Manish Tiwary, country manager for Amazon India, has stepped down to pursue other opportunities, ending an eight-year association with the global ecommerce major.
Tiwary joined Amazon India in 2016 and spent four years as vice president before being elevated to country manager in 2020. He led the consumer and seller services vertical for four years. Before joining Amazon, he served as the managing director of Unilever’s Gulf business.
Tiwary will remain with the company until October, the firm said in a statement on Tuesday, and Amit Agarwal, vice president of India and emerging markets, will work closely with the team once he leaves.
The company said, “India is an important priority for Amazon. We are excited by the momentum and business results we have already achieved, and we are even more optimistic about the significant opportunities ahead to innovate on behalf of our customers and digitally transform lives and livelihoods.”

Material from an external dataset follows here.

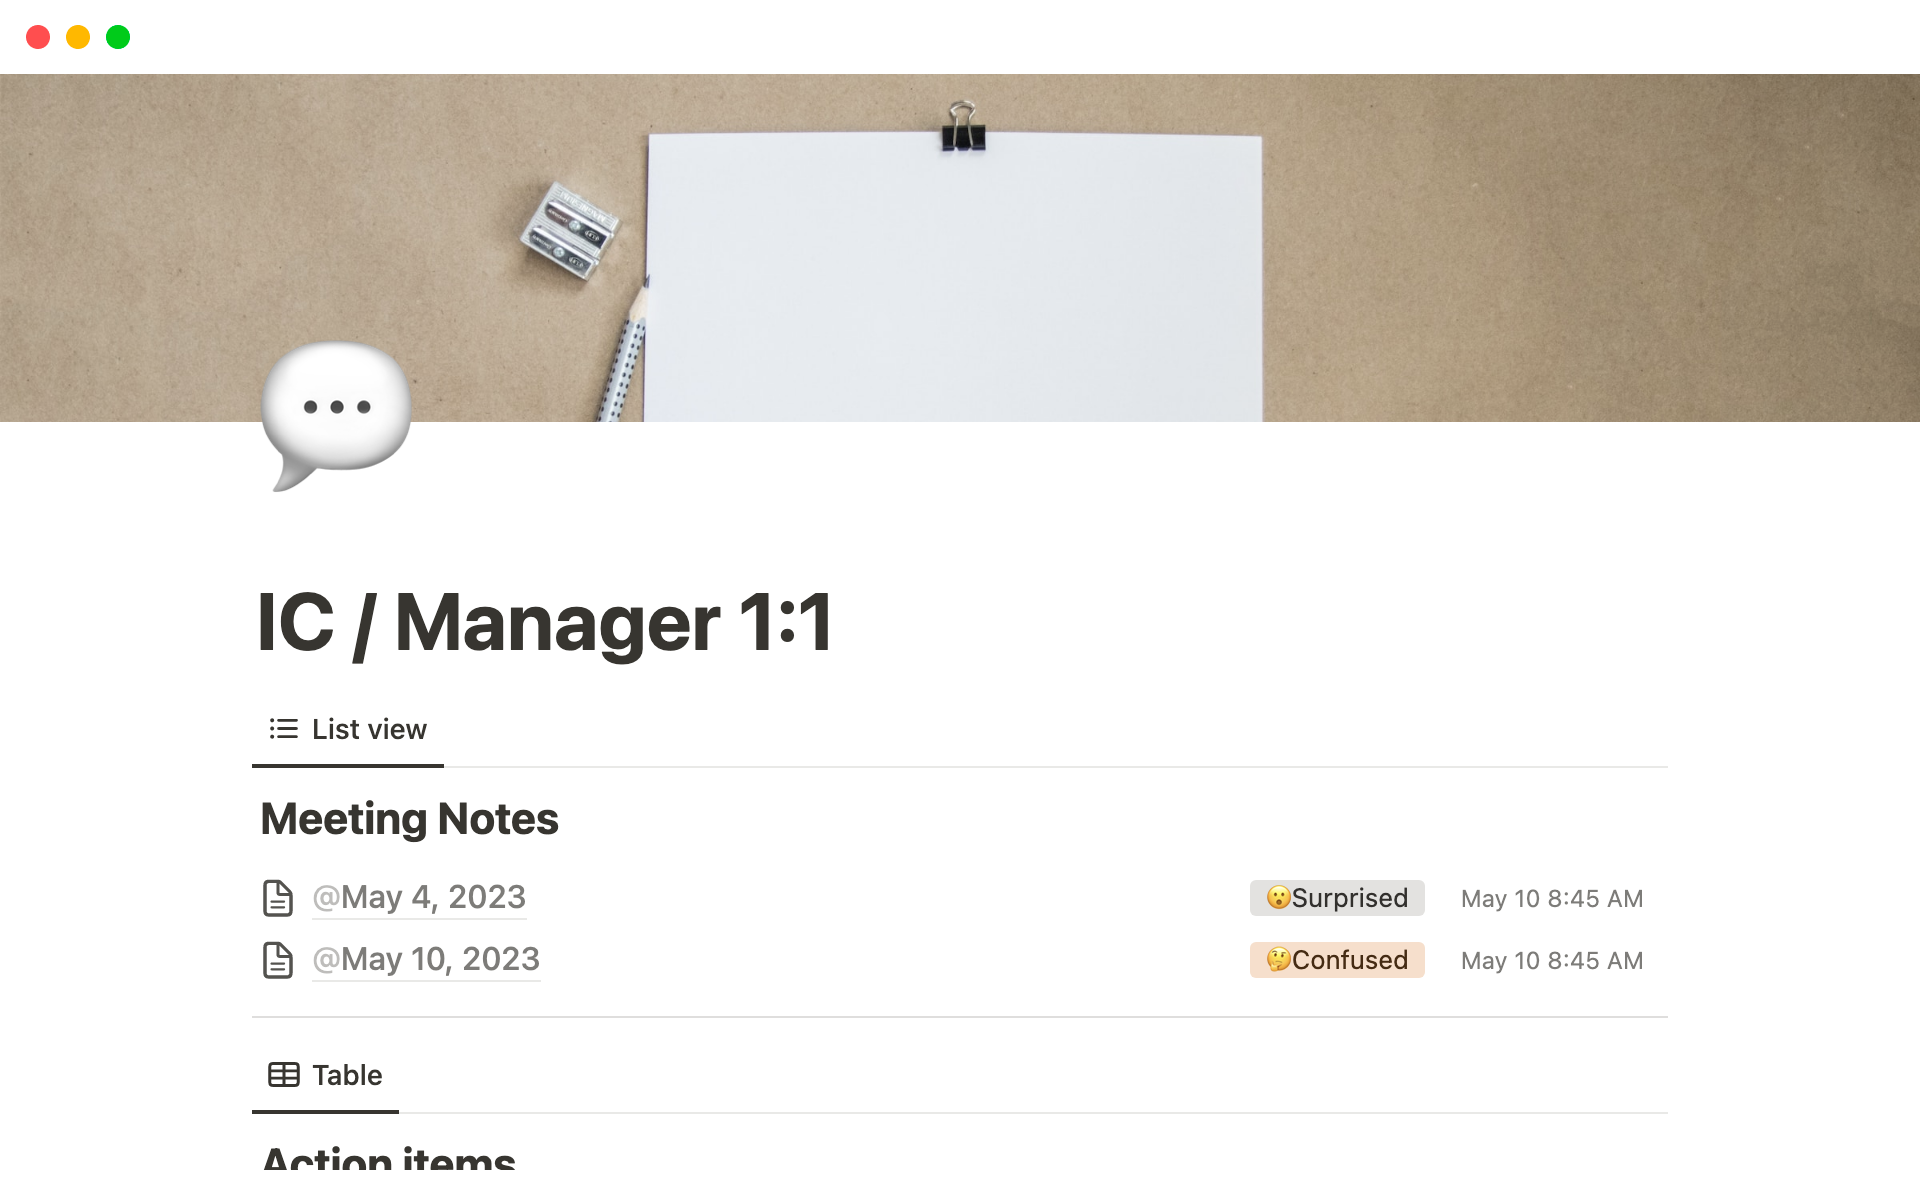 Keep track of 1on1s notes and action items for managers

Amazon’s India arm continues to face stiff competition from Walmart-owned Flipkart and tier 2-focused Meesho in India’s growing e-commerce market. The market is currently valued at $70 billion and is forecast to grow to $325 billion by 2030, driven by increasing internet penetration and smartphone users.
India has turned out to be a key market for Amazon India, prompting greater investment over the past few years. In February, the firm’s US entity invested about $100 million in Amazon Seller Services. Tiwary said last year that the tech giant had digitised more than two million small businesses in India in 2022 alone, and was on course to meet its target of digitising 10 million of them by 2025.
In July we reported that a controversial levy India imposed four years ago on digital services rendered to Indian businesses by offshore technology firms, which caused a tiff between New Delhi and Washington, has been scrapped.
The Finance Bill 2024 presented by finance minister Nirmala Sitharaman proposed to scrap from 1 August the 2% equalisation levy on a wide array of services rendered by offshore tech firms including cloud services and e-commerce services.
The move brings huge relief to global e-commerce players, especially American ones, as many businesses were facing tax disputes on account of this levy, experts said.
India had in 2020 expanded the scope of its equalisation levy – first introduced in 2016 on offshore firms hosting advertisements targeted at Indian consumers – to include other e-commerce services by off-shore entities.